Unicode characters in PDF information fields
[This followup was posted to digital-metaphors.public.reportbuilder.general and a copy was sent to the cited author.]
Hello,
whenever I need to produce a PDF using Report Builder (version 15.04) I
need to take care of content of information fields in PDFSettings
(Title, Subject, Creator etc.) to avoid using of unicode characters as
they will produce an unpredictable result in a final PDF.
The problem is not so significant, but end users sometimes need lot of
imagination to guess what was the original name of the document or what
was a real name of an author.
Some example:
Author: ?en?k
(Cenek with a hook (or caron/wedge) above C and the second E)
PDF will contain: Eenik
(The first E and the I with an accent grave above them, but I it looks
like I am not able to put these characters to this post).
This "effect" is caused by simplified processing in function
TppPDFUtils.StrToHex (unit ppPDFUtils) which corrupts all non-ASCII
characters. It simply takes just a lower byte of any character and
converts it to a hexadecimal representation which leads to the wrong
representation of those "special" characters in a final document.

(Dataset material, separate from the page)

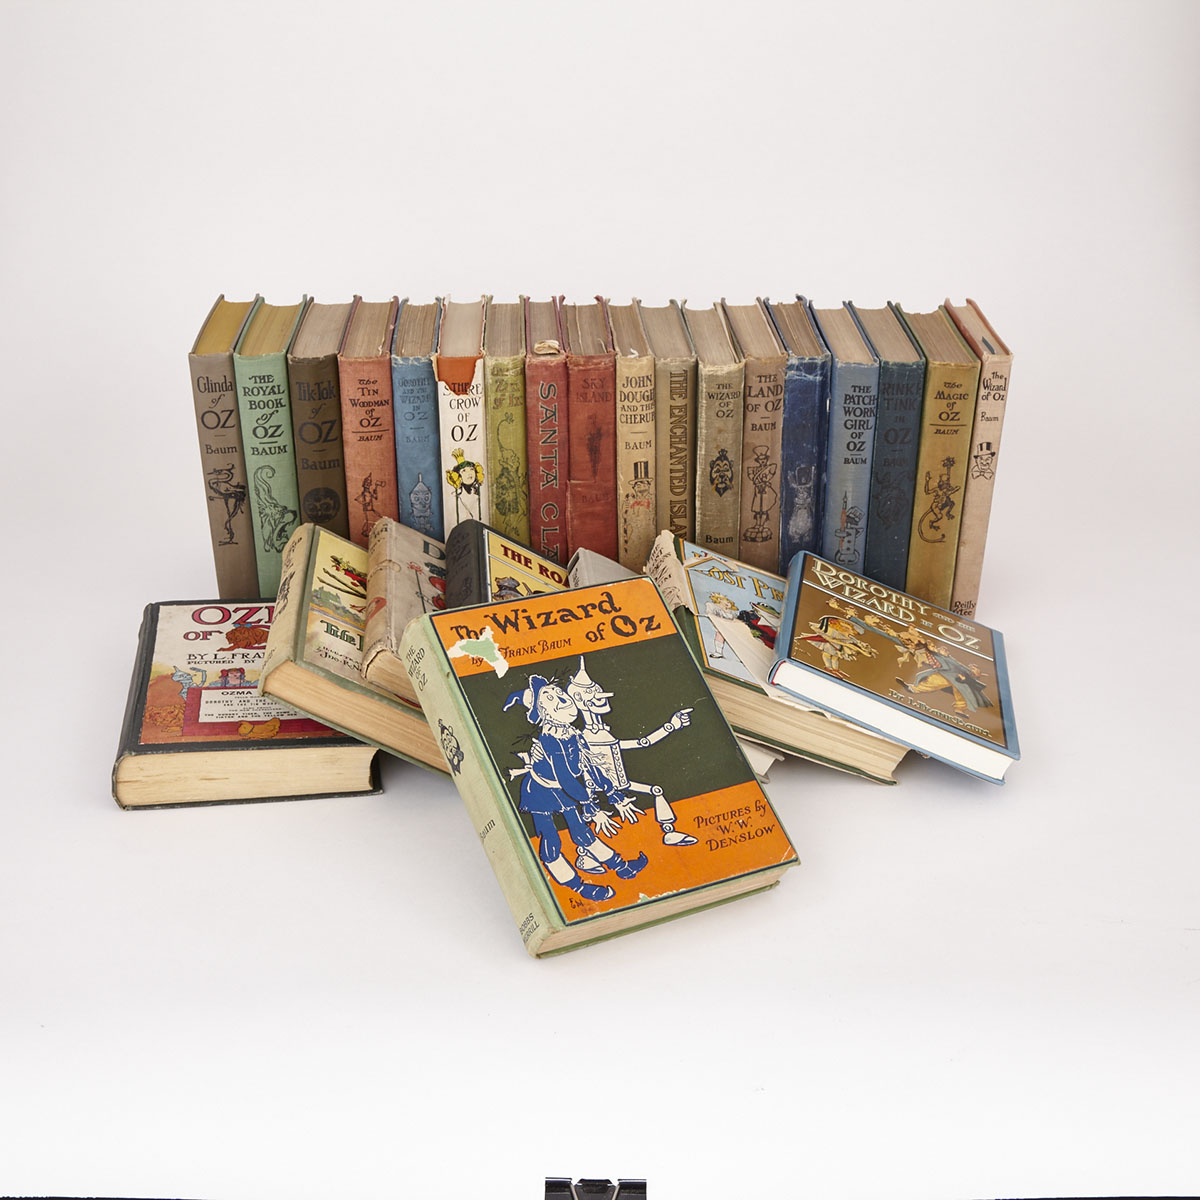 [Books] Library of 25 Volumes of The Wizard of Oz Series of Children’s Stories By L. Frank Baum, 1901-1990

For example in Czech language there is such a character in almost every
word.
The original code is:
class function TppPDFUtils.StrToHex(aString: String): string;
var
liIndex: Integer;
begin
Result := '';
for liIndex := 1 to Length(aString) do
Result := LowerCase(Result + IntToHex(Ord(AnsiString(aString)
[liIndex]), 2));
end;
My suggestion is to change it to support UTF16 when needed:
class function TppPDFUtils.StrToHex(aString: String): string;
var
liIndex: Integer;
{$ifdef UNICODE}
Buff1, Buff2: TBytes;
{$endif}
begin
{$ifdef UNICODE}
for liIndex := 1 to Length(aString) do
if (Ord(aString[liIndex]) > 127) then
begin
Buff1 := TEncoding.BigEndianUnicode.GetPreamble;
Buff2 := TEncoding.BigEndianUnicode.GetBytes(aString);
SetLength(Result, (Length(Buff1) + Length(Buff2)) * 2);
BinToHex(Buff1, PChar(@Result[1]), Length(Buff1));
BinToHex(Buff2, PChar(@Result[1 + Length(Buff1) * 2]), Length
(Buff2));
Exit;
end;
{$endif}
Result := '';
for liIndex := 1 to Length(aString) do
Result := LowerCase(Result + IntToHex(Ord(AnsiString(aString)
[liIndex]), 2));
end;
However this change doesn't solve the problem for encoded documents
because a similar method has been used for encoding procedures. So other
code has to corrected to avoid such problems but I hope that at least
this small change could help to lot of users from non-English countries.
--
Best regards,
Igor Gottwald
Hello,
whenever I need to produce a PDF using Report Builder (version 15.04) I
need to take care of content of information fields in PDFSettings
(Title, Subject, Creator etc.) to avoid using of unicode characters as
they will produce an unpredictable result in a final PDF.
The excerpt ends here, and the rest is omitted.